Exemplary cells (marked with a red box) that are considered to need expert annotation by our uncertainty assessment due to uncertain classification (a), uncertain detection (b) and association to a rare class (c). In (a) and (b), numbers above boxes indicate the measured certainty per instance and red boxes are below the acceptable threshold. (Color figure online)

Fig. 4.
figure 4

Active learning based annotation boosts the precision in cell detection and classification. (a) Weighted detection precision of all classes increases more rapidly with active learning (solid line) as compared to a random selection of cells (dashed) (b) Average precision for the rare class of dehydrated stomatocytes (S.D.), a rare subtype with high clinical relevance, increases sharply when active learning is used.
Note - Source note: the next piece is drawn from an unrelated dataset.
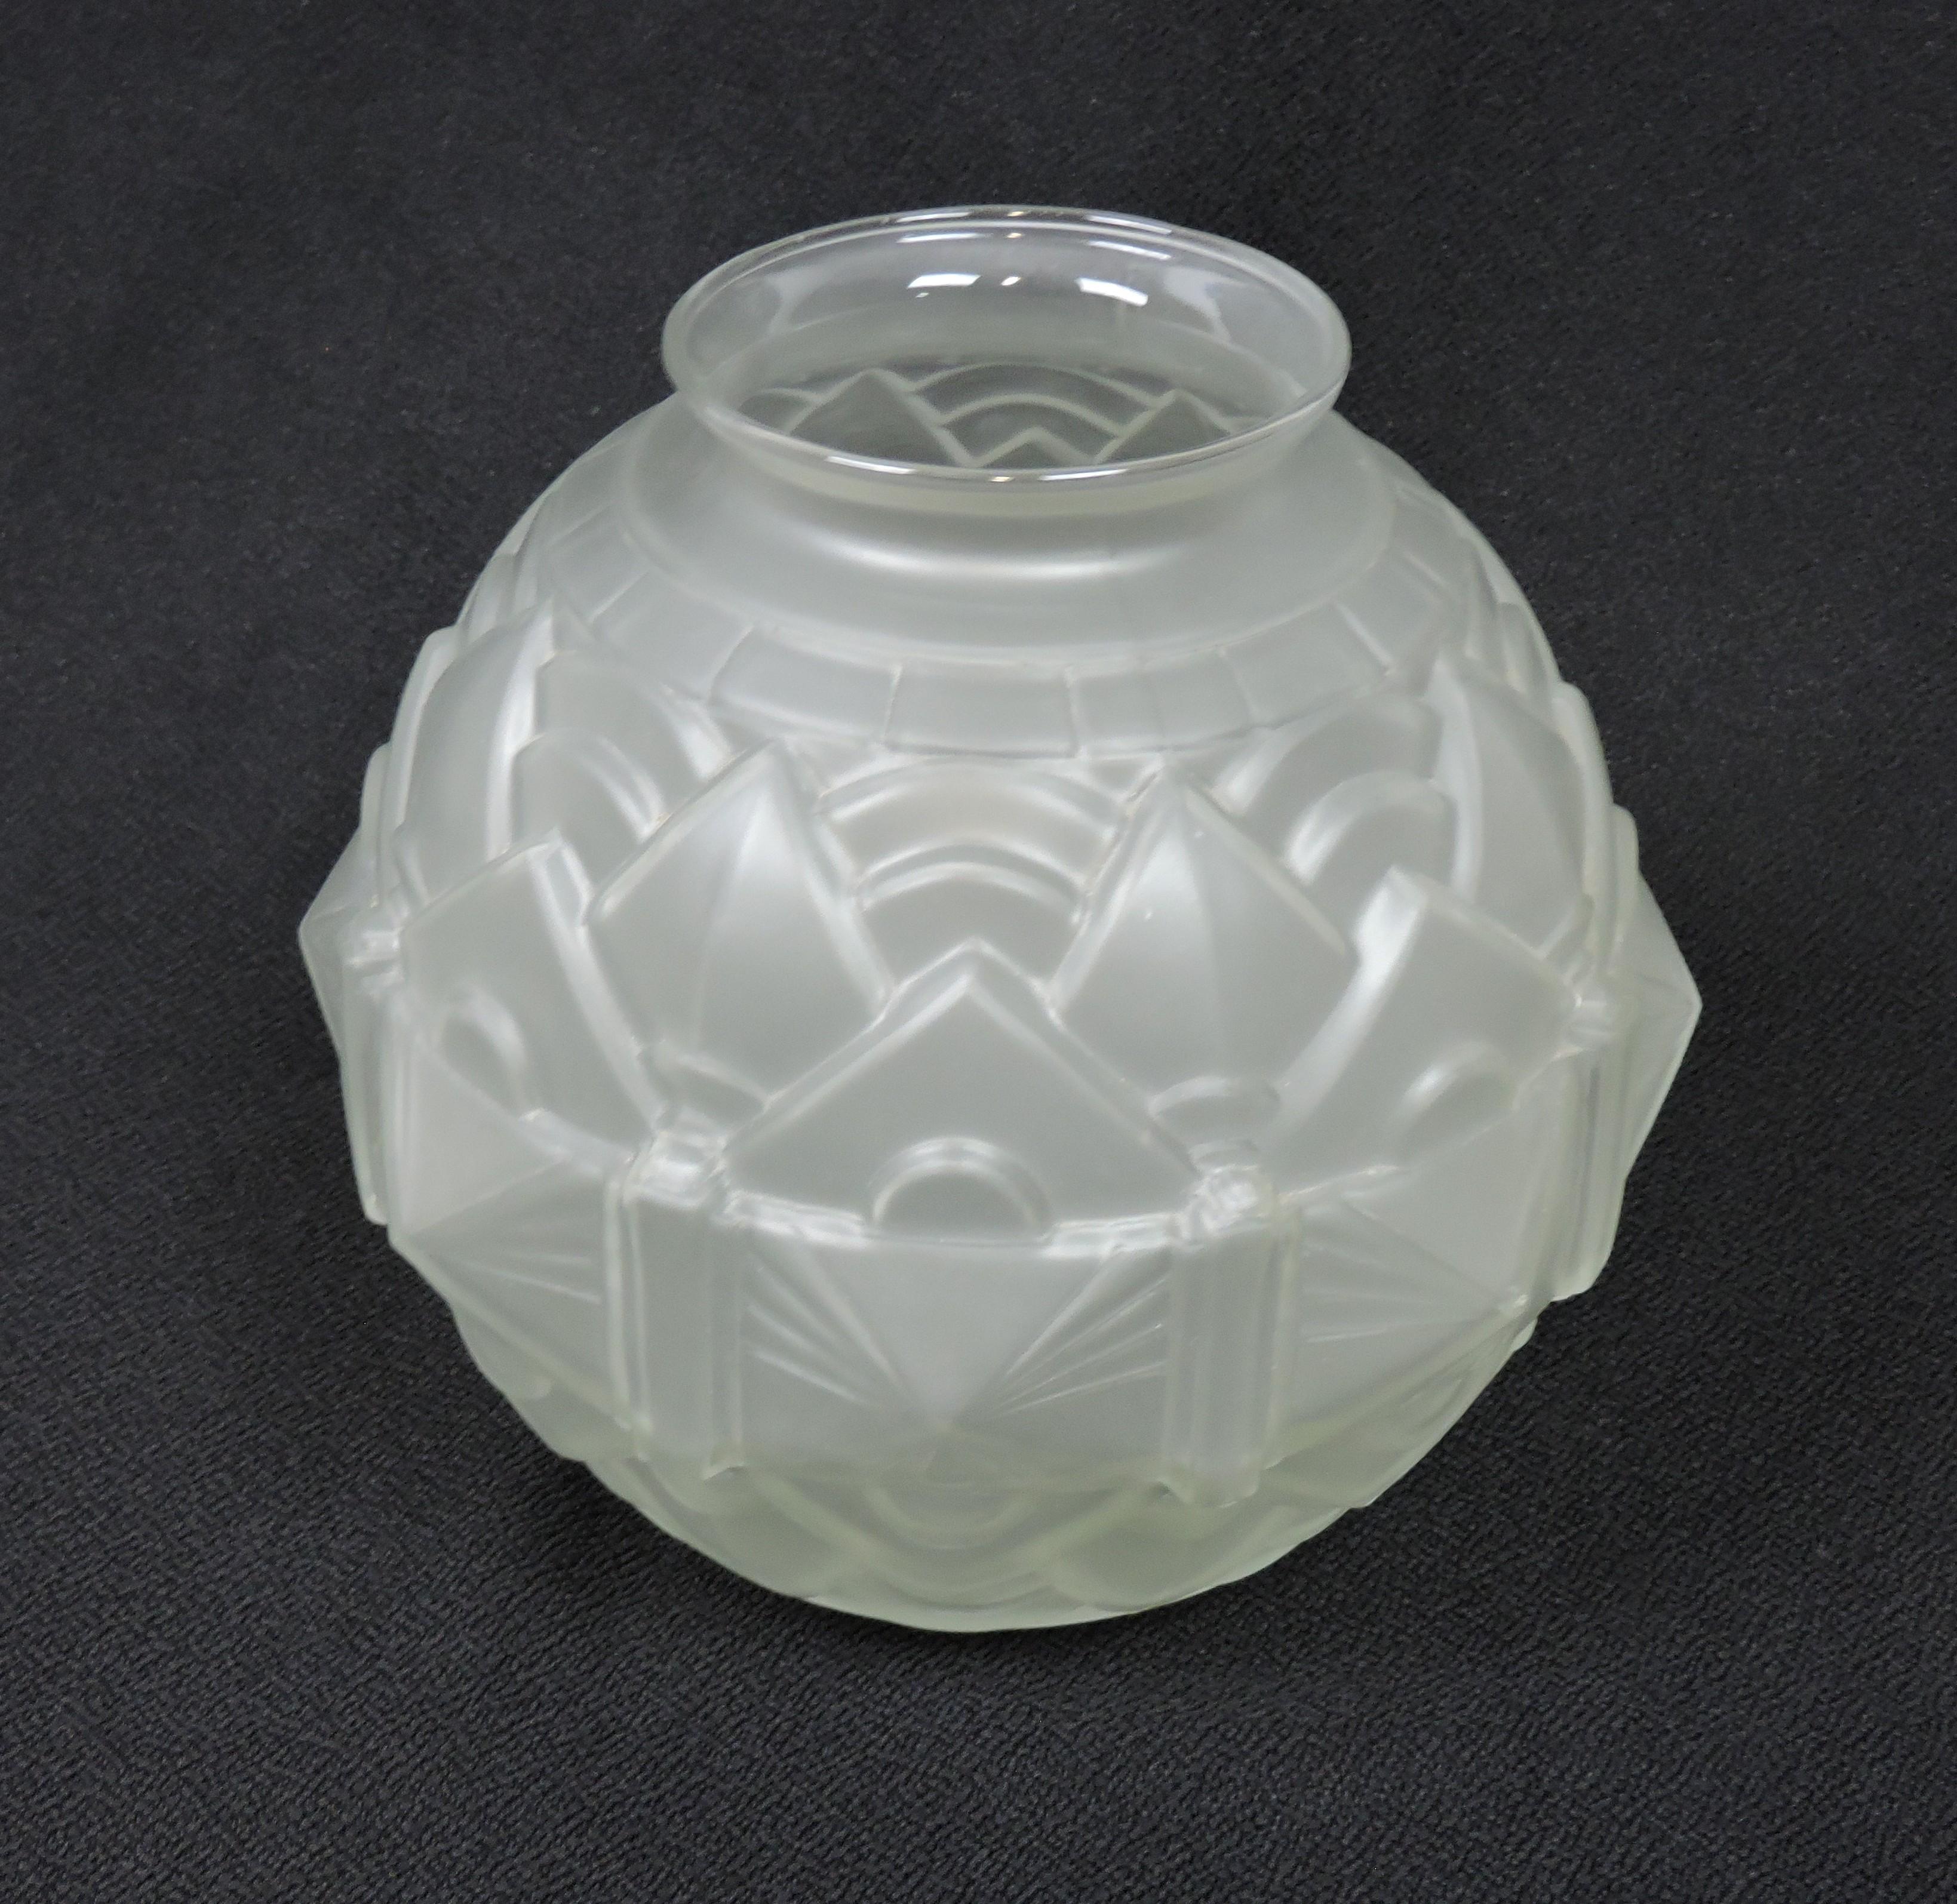 Beautiful French Art Deco mold blown glass vase. This vase has a ball shape with a wonderful geometric relief design and a smooth, acid frosted finish on clear glass.

We show the mean and standard deviation from 10 experiments, where we order the images to be newly annotated either randomly, or by sorting 50 randomly selected images according to their relevance score.

3.3 Evaluation

We evaluate our active learning annotation approach systematically by comparing its performance with a baseline method where the expert is asked to annotate randomly selected images. In Fig. 4a we show the object detection precision for all seven classes, weighted by the number of cells in each class:

$$\begin{aligned} \mathrm {Precision_{all}} = \frac{\sum _{k=1}^{K} N_k \times AP_k}{\sum _{k=1}^{K} N_k} \end{aligned}$$
(9)

where \(N_k\) is number of detected cells in class k. This value increases by \(5\%\) as we add 1000 newly annotated cells using active learning. In contrast, the performance boost with the same number of randomly annotated cells is slower and around only \(2\%\) for 1000 additionally annotated cells. The difference between the two methods is even more pronounced in the detection precision of blood cells of a rare class. The peculiar morphology of dehydrated stomatocytes and a potential over-representation has been linked to disease mutations [1]. Hence an accurate detection of this subtype is clinically highly important but impeded by the rareness of the cells. While dehydrated stomatocytes can be hardly captured by random annotation, our active learning annotation approach highlights cells that are predicted to belong to this rare class and prioritizes them for expert annotations. This leads to a fast increase of the average detection precision of this class from around \(15\%\) to around \(50\%\) for 1000 newly annotated cells (see Fig. 4b), while the average precision is unchanged in the random approach, where few if any dehydrated stomatocytes are annotated among the 1000 randomly selected new annotations.

4 Conclusion

Our original active learning annotation approach is able to speed up annotation and improve classification of red blood cell sub-types. This is an important task in diagnosis and prognosis of many blood diseases. Efficient annotation is urgently required for other biomedical data sets, and in particular for digital pathology applications. An extension of our framework into a software prototype will boost annotated data sets and open new avenues for computational pathology solutions.